Boeing devrait enfin dépasser Airbus en termes de commandes
Pour ce salon 2012 de Farnborough (Royaume-Uni), la guerre des chiffres entre Airbus (EADS) et Boeing devrait être remportée par l’avionneur américain. Ce dernier s’est refusé hier à se fixer un objectif de parts de marché, mais mise notamment sur la nouvelle version de son monocouloir B737Max, pour lequel il vient de remporter une commande de 75 appareils auprès d’Air Lease pour 7,2 milliards de dollars.

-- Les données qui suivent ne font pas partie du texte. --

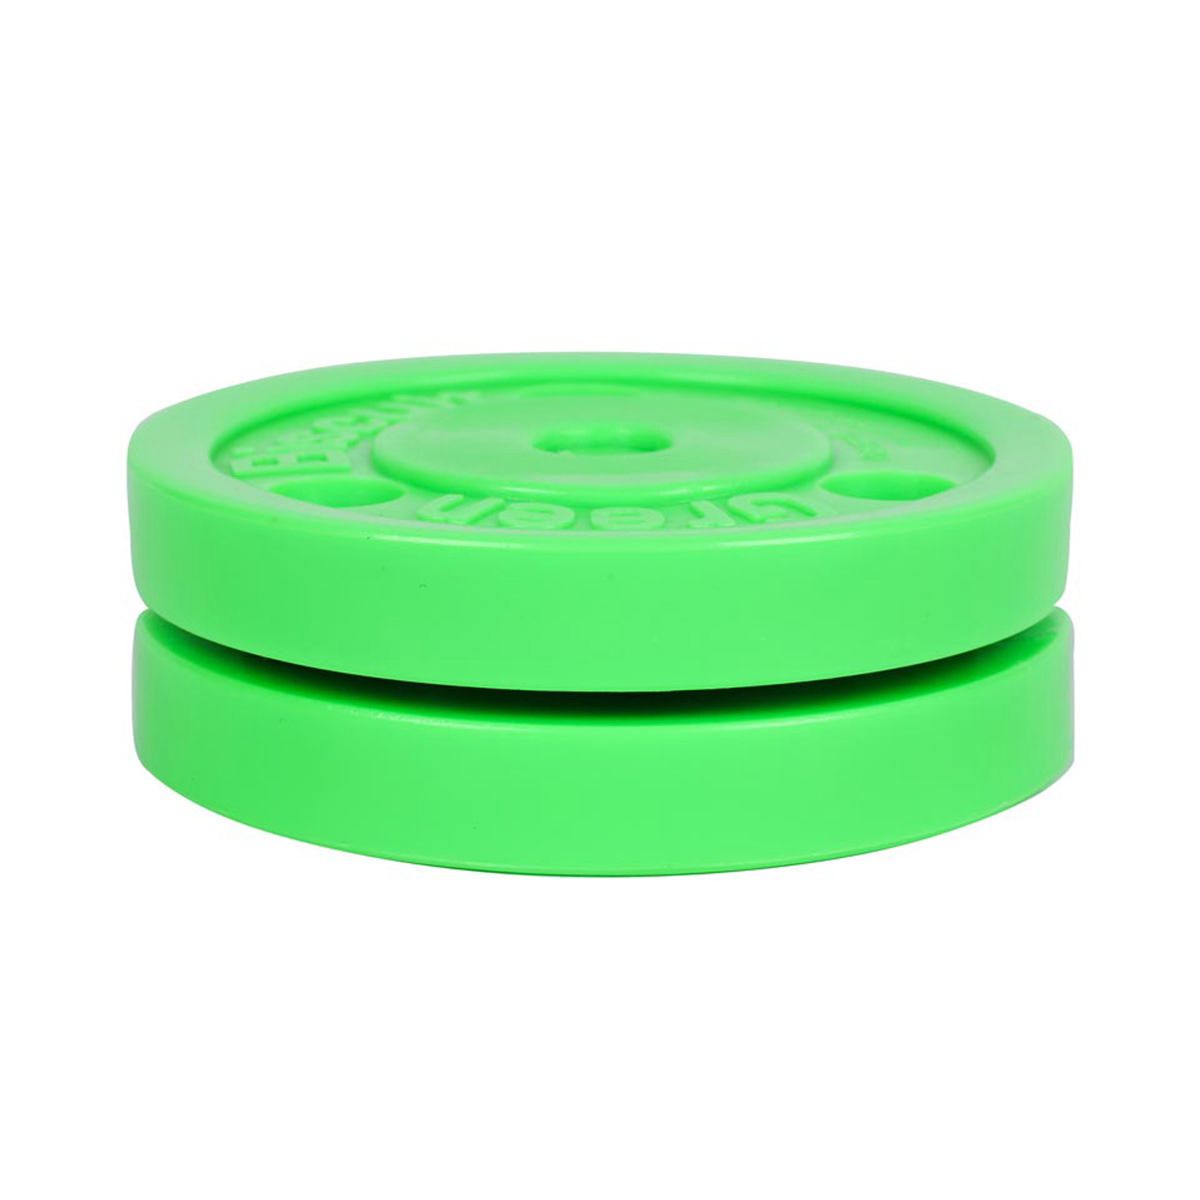 Toronto Maple Leafs Green Biscuit Training Puck

L’an dernier au Bourget, Airbus avait raflé 598 commandes contre seulement 47 pour Boeing. Pour Farnborough, CA Cheuvreux anticipe de 300 à 400 commandes au total, en raison d’une «économie de plus en plus faible et du pic de commandes de l’an dernier».
En 2011, l’avionneur européen avait signé 1.419 commandes nettes, contre seulement 805 pour son concurrent américain, soit une part de marché record de 64% en volume. Mais dès le début de l’année, John Leahy, directeur commercial d’Airbus, avait prévenu que la part de marché du groupe européen serait ramenée «à environ 50% ou probablement même moins que cela».
Sur le seul premier semestre, Boeing a déjà remporté 440 commandes, contre 230 pour Airbus. Pour l’ensemble de l’année, CA Cheuvreux mise sur 600 commandes brutes pour Airbus et 800 pour Boeing, et sur 577 livraisons pour le premier et 561 pour le second. Airbus vise même 650 commandes sur l’année, soit plus de 2.000 sur deux ans, se félicite son PDG. «Nous avons un concurrent qui essaie de revenir et qui est donc très agressif pour ce qui est des prix, a déclaré Fabrice Brégier, PDG d’Airbus. Nous restons calmes. […] Quand nous vendons l’A320neo, nous réalisons une très bonne marge».
Face au nouveau modèle du 787 Dreamliner de Boeing, Airbus a annoncé hier son intention de produire un nouvel A330, de plus grande taille et de plus grande portée. «Cet appareil est le plus prisé de sa catégorie, a commenté John Leahy. Il pourra ainsi conserver cette position dominante dans les années à venir». Alors que plusieurs groupes ont déjà manifesté leur intérêt pour cet avion, qui devrait être en service dès l’été 2015, Airbus compte signer une commande dès cette semaine. En revanche, Fabrice Brégier n’exclut pas un nouveau retard pour la livraison du long courrier A350.
Autre atout, Airbus a annoncé au début du mois l’installation d’une usine d’assemblage aux Etats-Unis, visant 60% du marché mondial des monocouloirs dans les prochaines années contre 20% actuellement.